Blame it on RN's
My friend in high school left on Saturday to study Nursing in Philippines. When she told me six months ago, my feelings were mixed. A part of me is happy for her and a part of me is sad because my friend is leaving me again. I know years pass by quickly. In a few years, I will gain my friend back. Soon, she will be done in school and be back in California. As for now, I am somewhat grieving inside. The person whom I can call at anytime about anything is gone. My friend whom I tell my deepest secret, share my emotions, propose my future plans lives thousands of miles away. To her I rave, rant, and complain. I talk about school, politics, work, environment, family, culture, beliefs, and traditions. Now, I stand alone missing one friend.

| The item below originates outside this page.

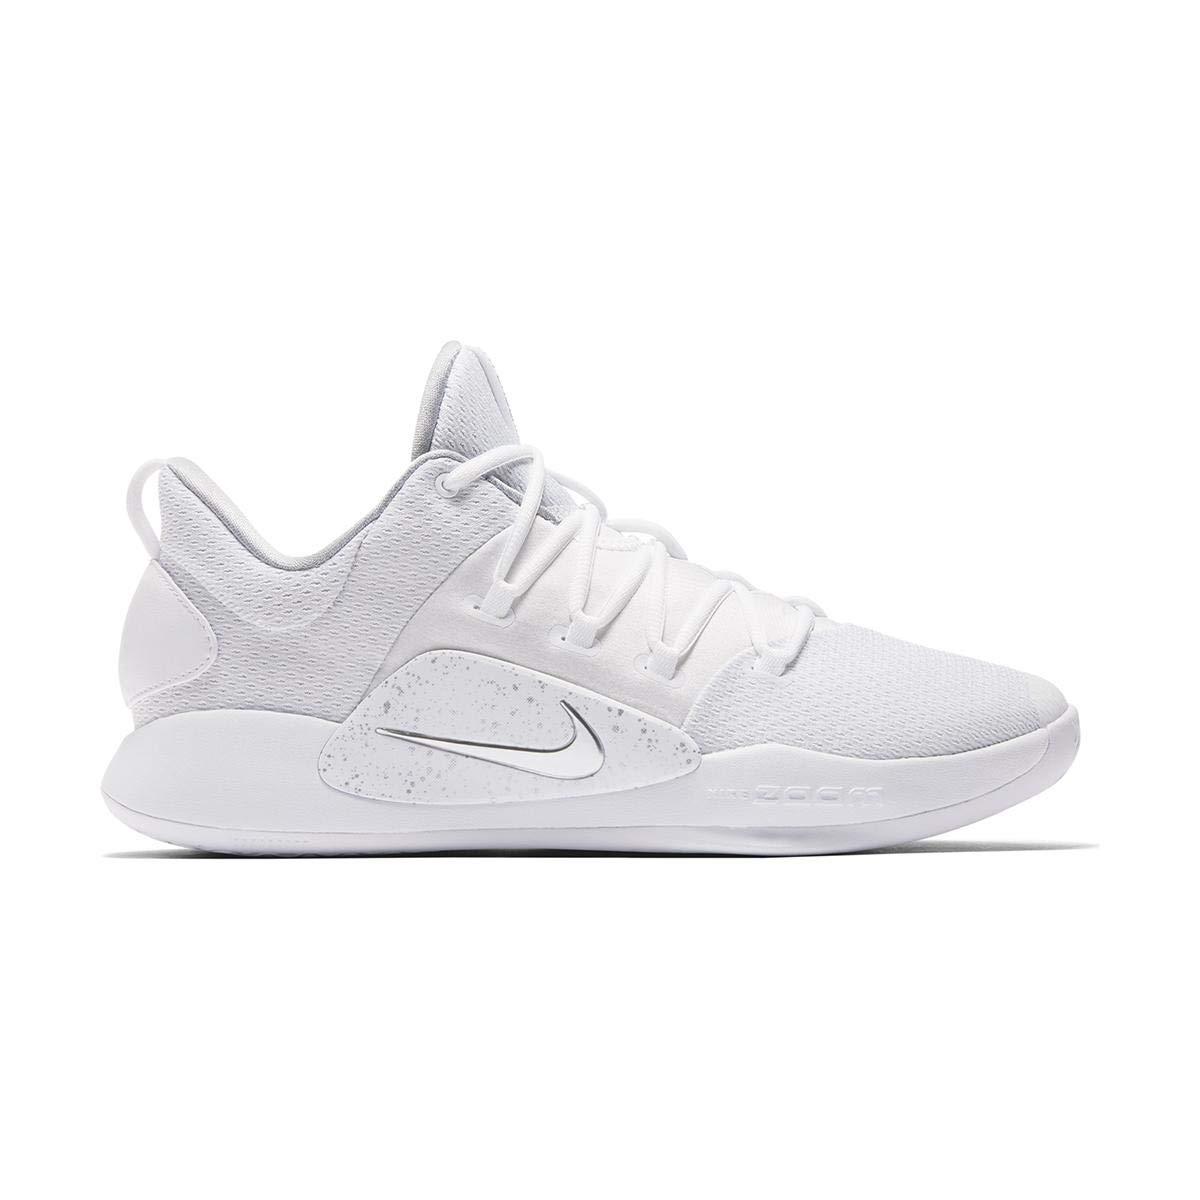 98949b1b1170 Nike Men s Hyperdunk X Low Basketball Shoe AR0464-100 8 D(M)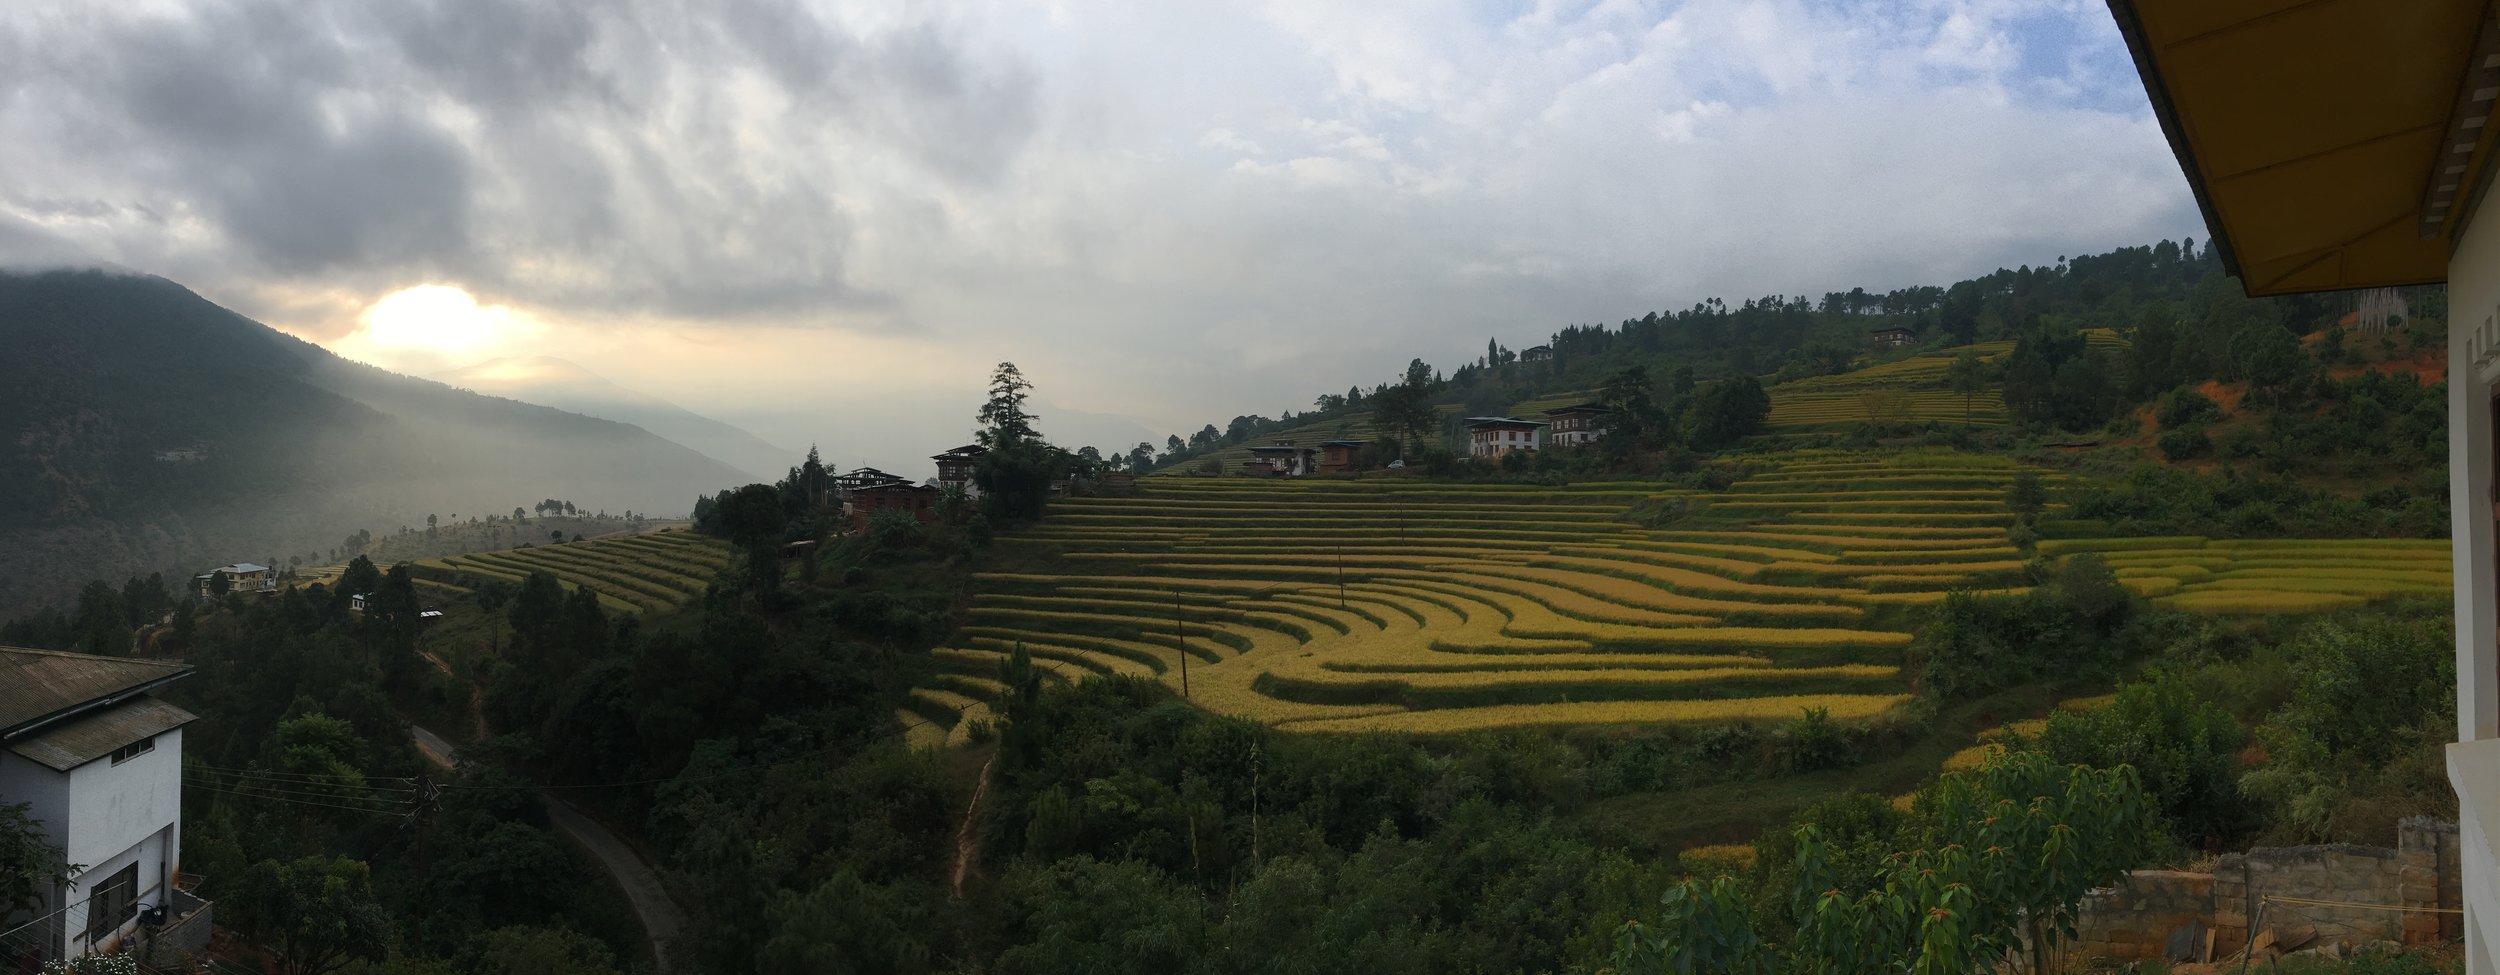 Sunrise in Pukahana, Bhutan

Because I miss my friend, I think I am transfering my emotions on dinky person. I dont see him anymore. His disappearance makes me miss him. I long for him more each day although I know I do not have any tolerance to put up with his childish behavior. I blame him for not showing his ugly @$$. Where is he when I need him? Why cant he ask me about my life like he used to? Why cant he simply say hi like how it used to be? Why cant he be a man and fix relationship issues between us? Why cant he work out his feelings/emotions/issues/stressors/problems with me, not with his friends? Why cant he know his self with me so I can know my self with him? Why cant we be together as a couple? Why cant he be brave enough and express his feeling to me? Why cant he tell me he loves me?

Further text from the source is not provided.